▸ **What is being asked**
Without the pictures, set down every line of the data exactly.

▸ **Supplied data**

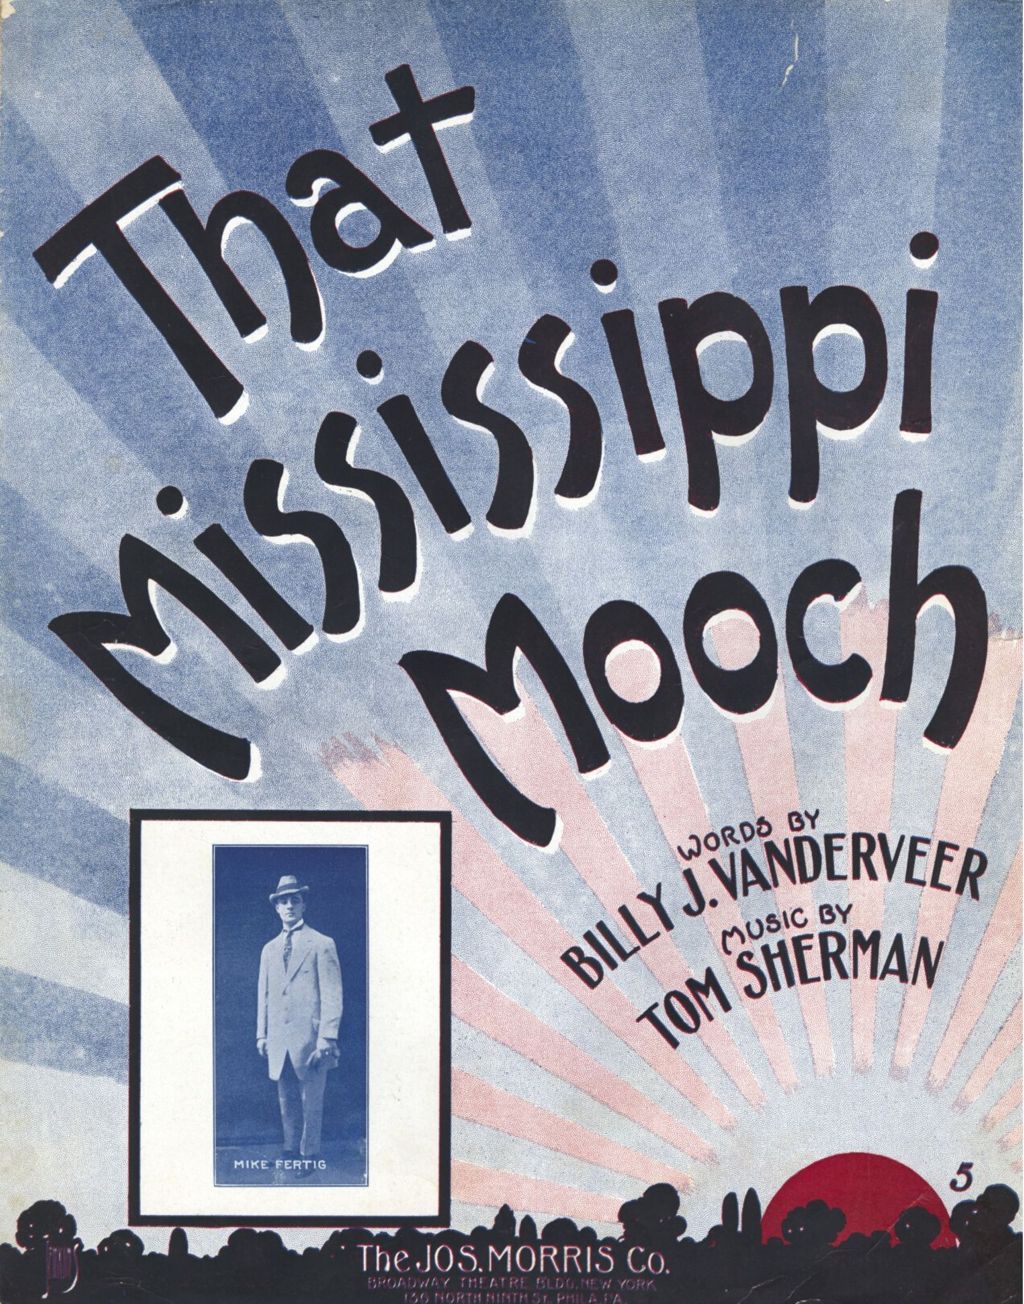 That Mississippi Mooch
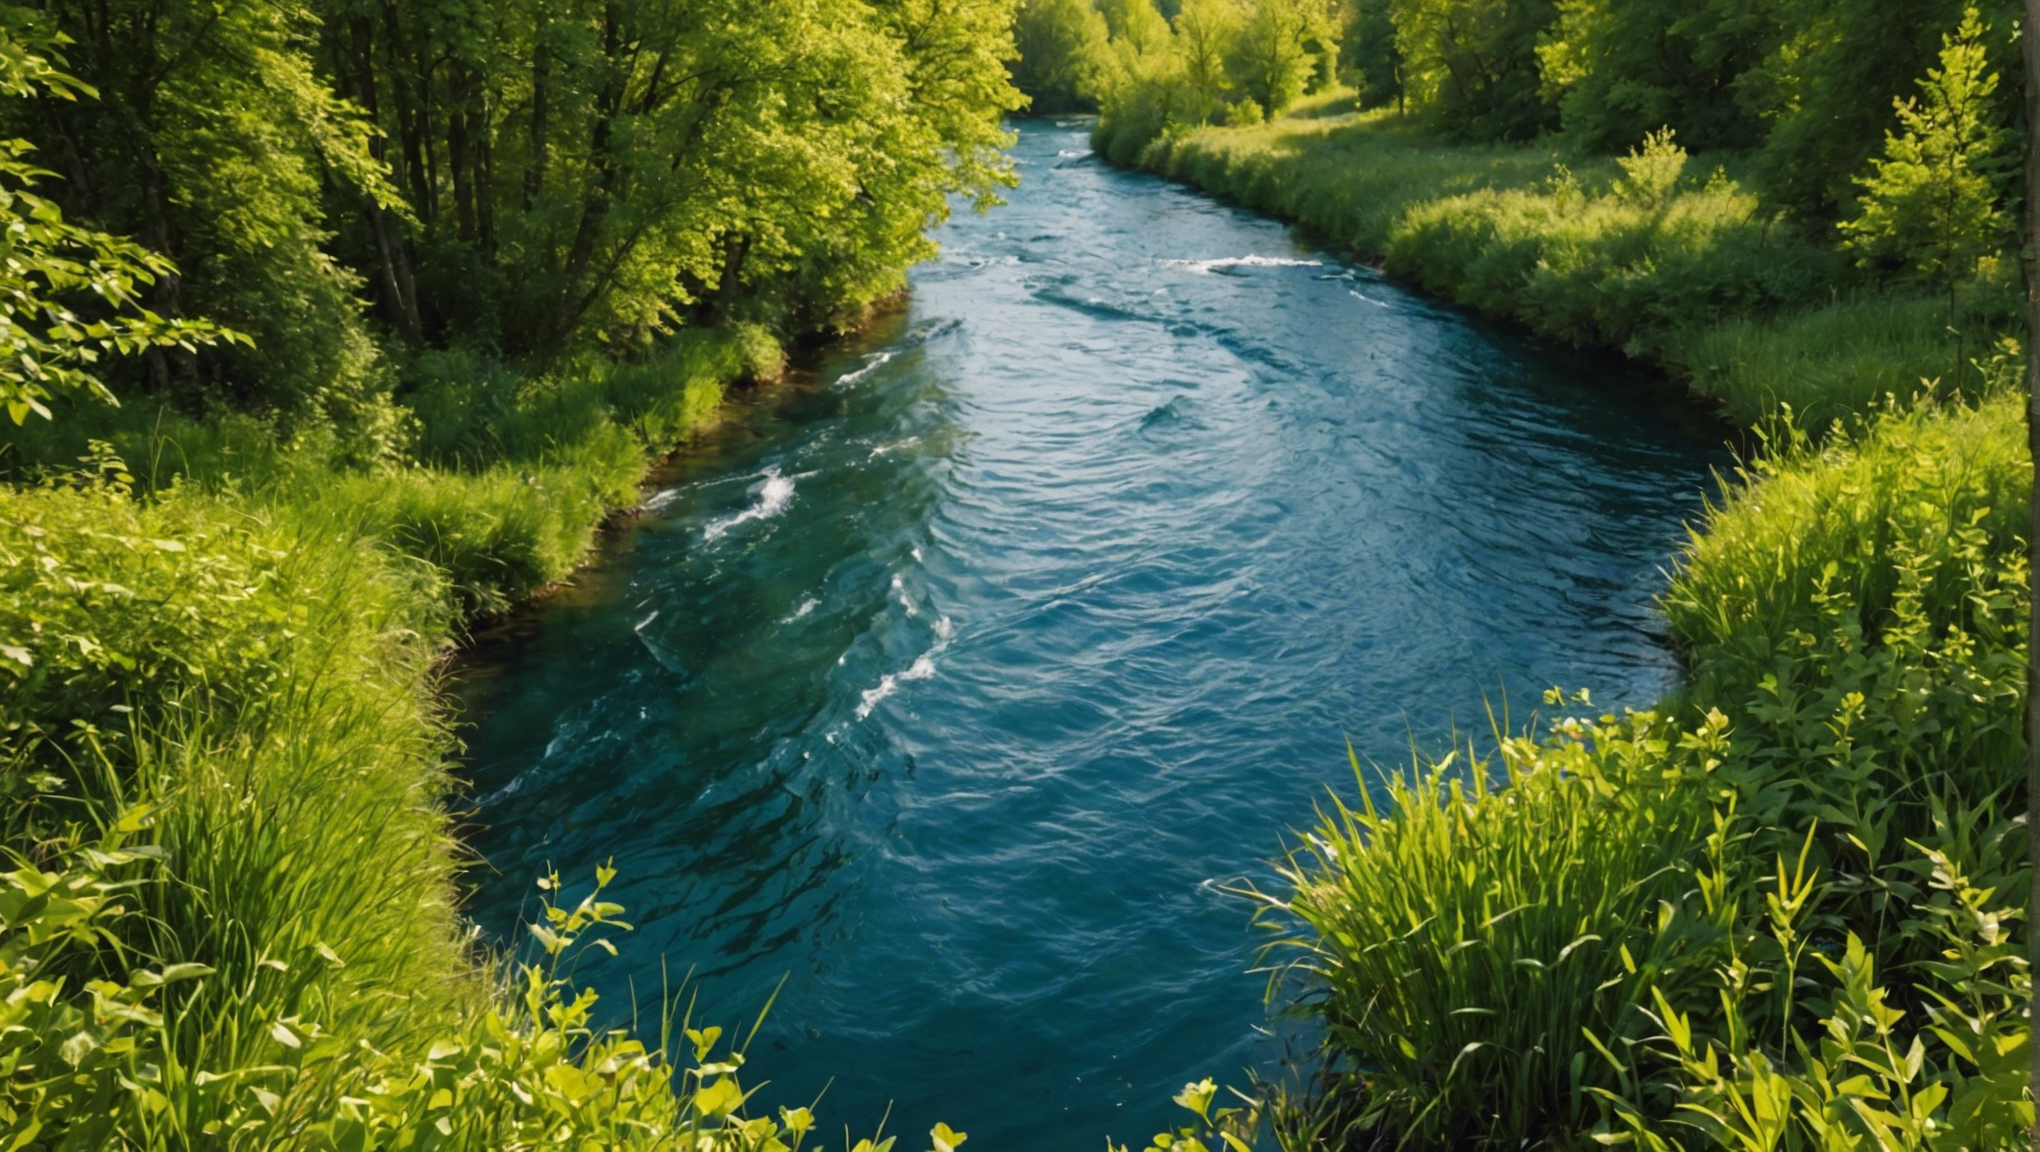 découvrez comment valoriser l'eau de façon durable pour protéger notre environnement dans cet article informatif.
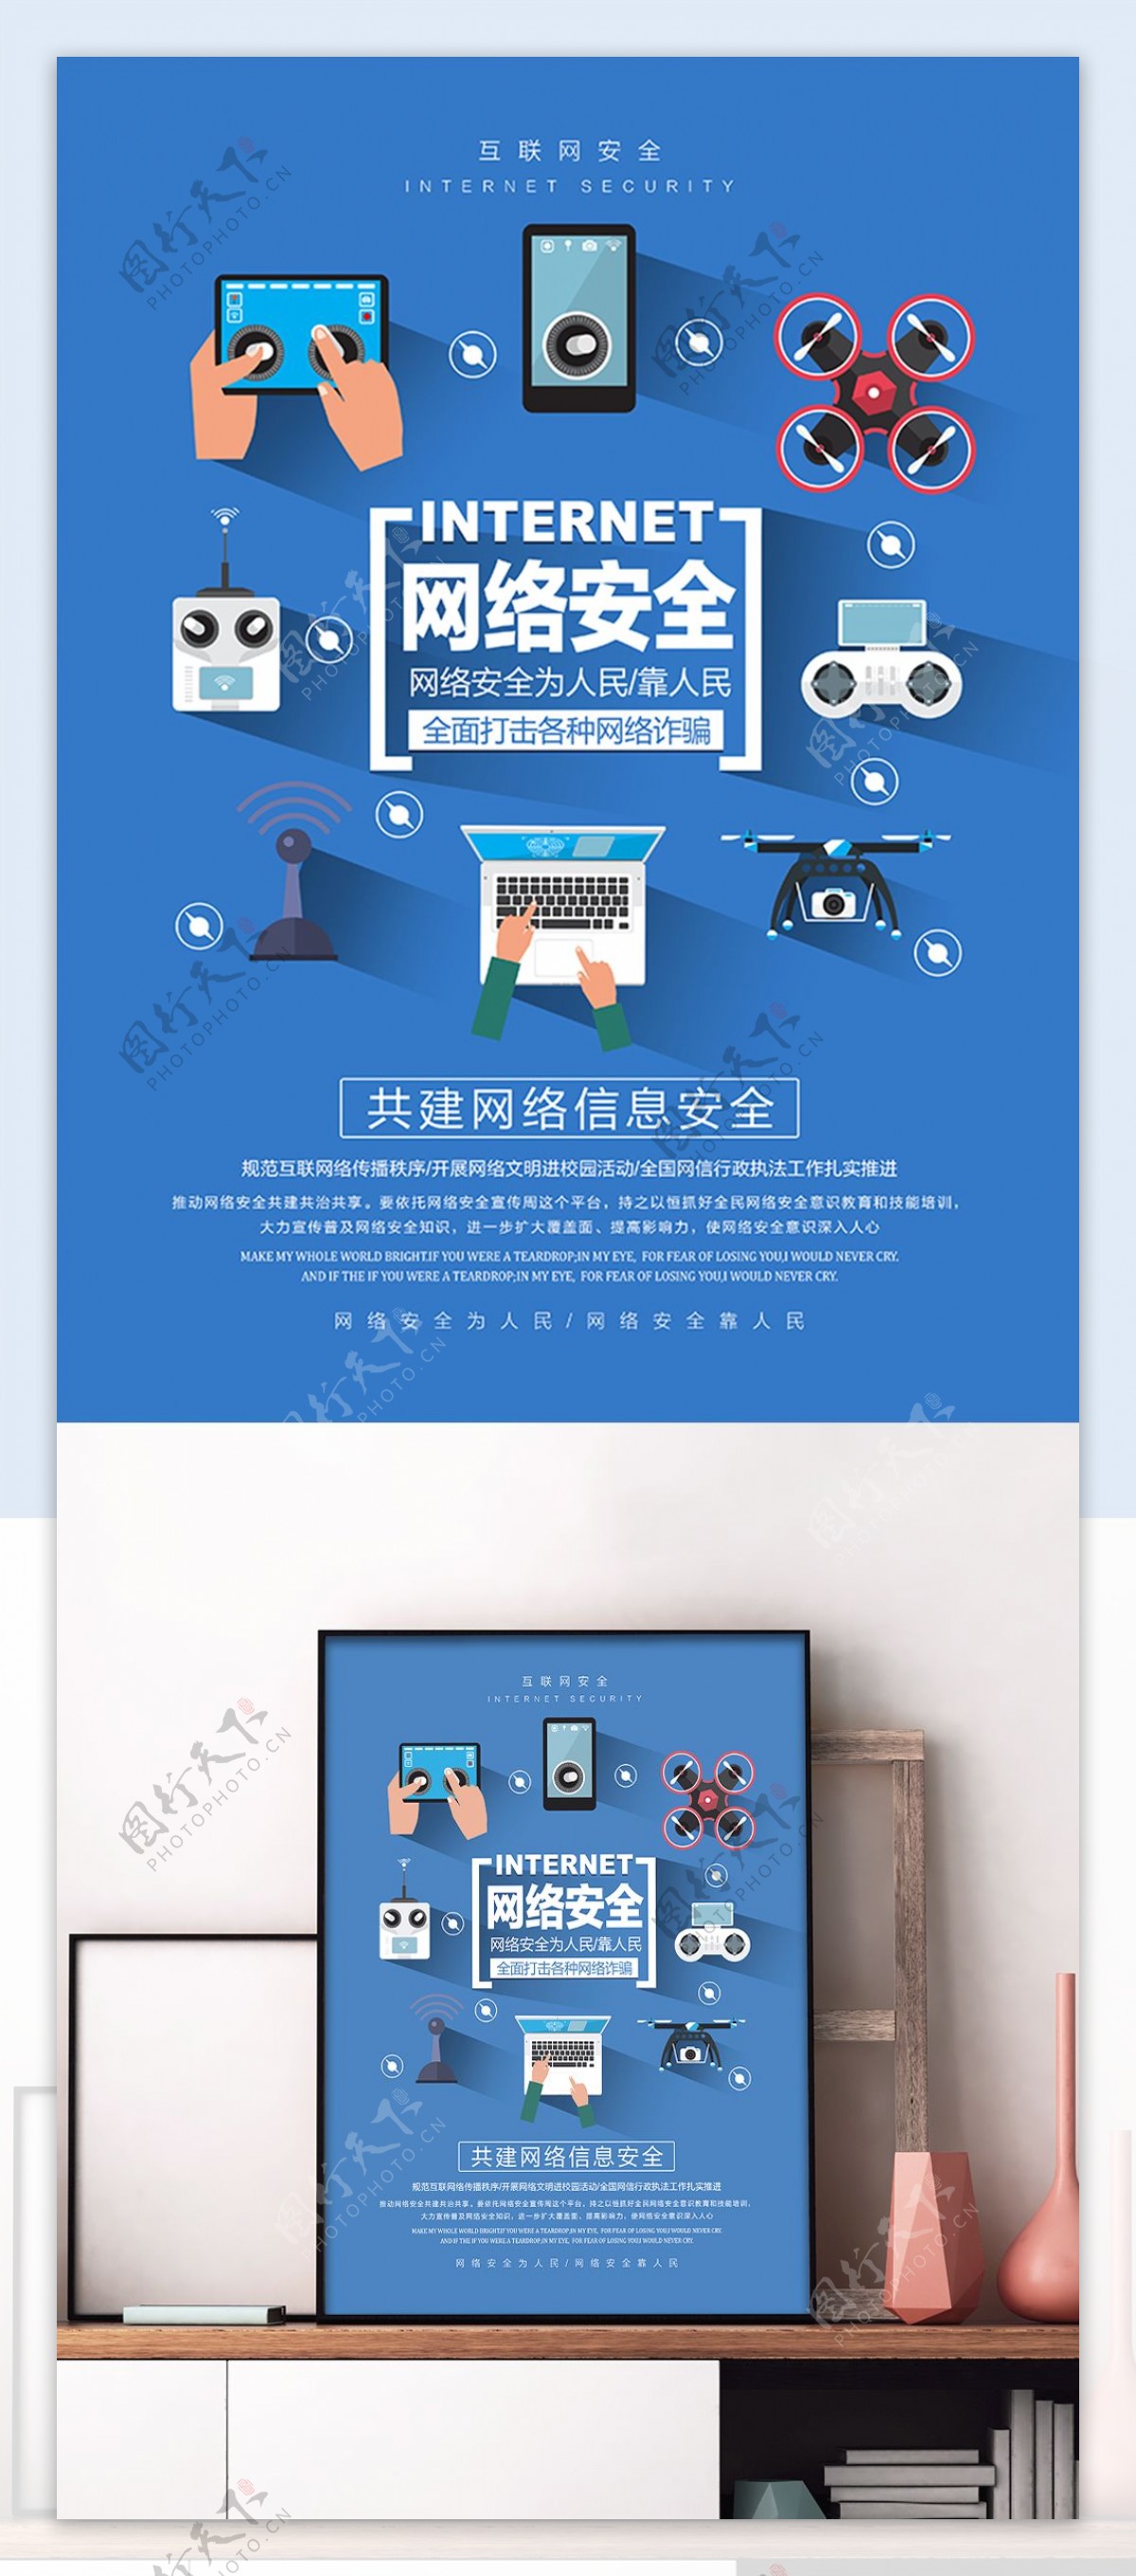 蓝色清新简约网络安全宣传海报设计

▸ **Output**
 That Mississippi Mooch
 découvrez comment valoriser l'eau de façon durable pour protéger notre environnement dans cet article informatif.
 蓝色清新简约网络安全宣传海报设计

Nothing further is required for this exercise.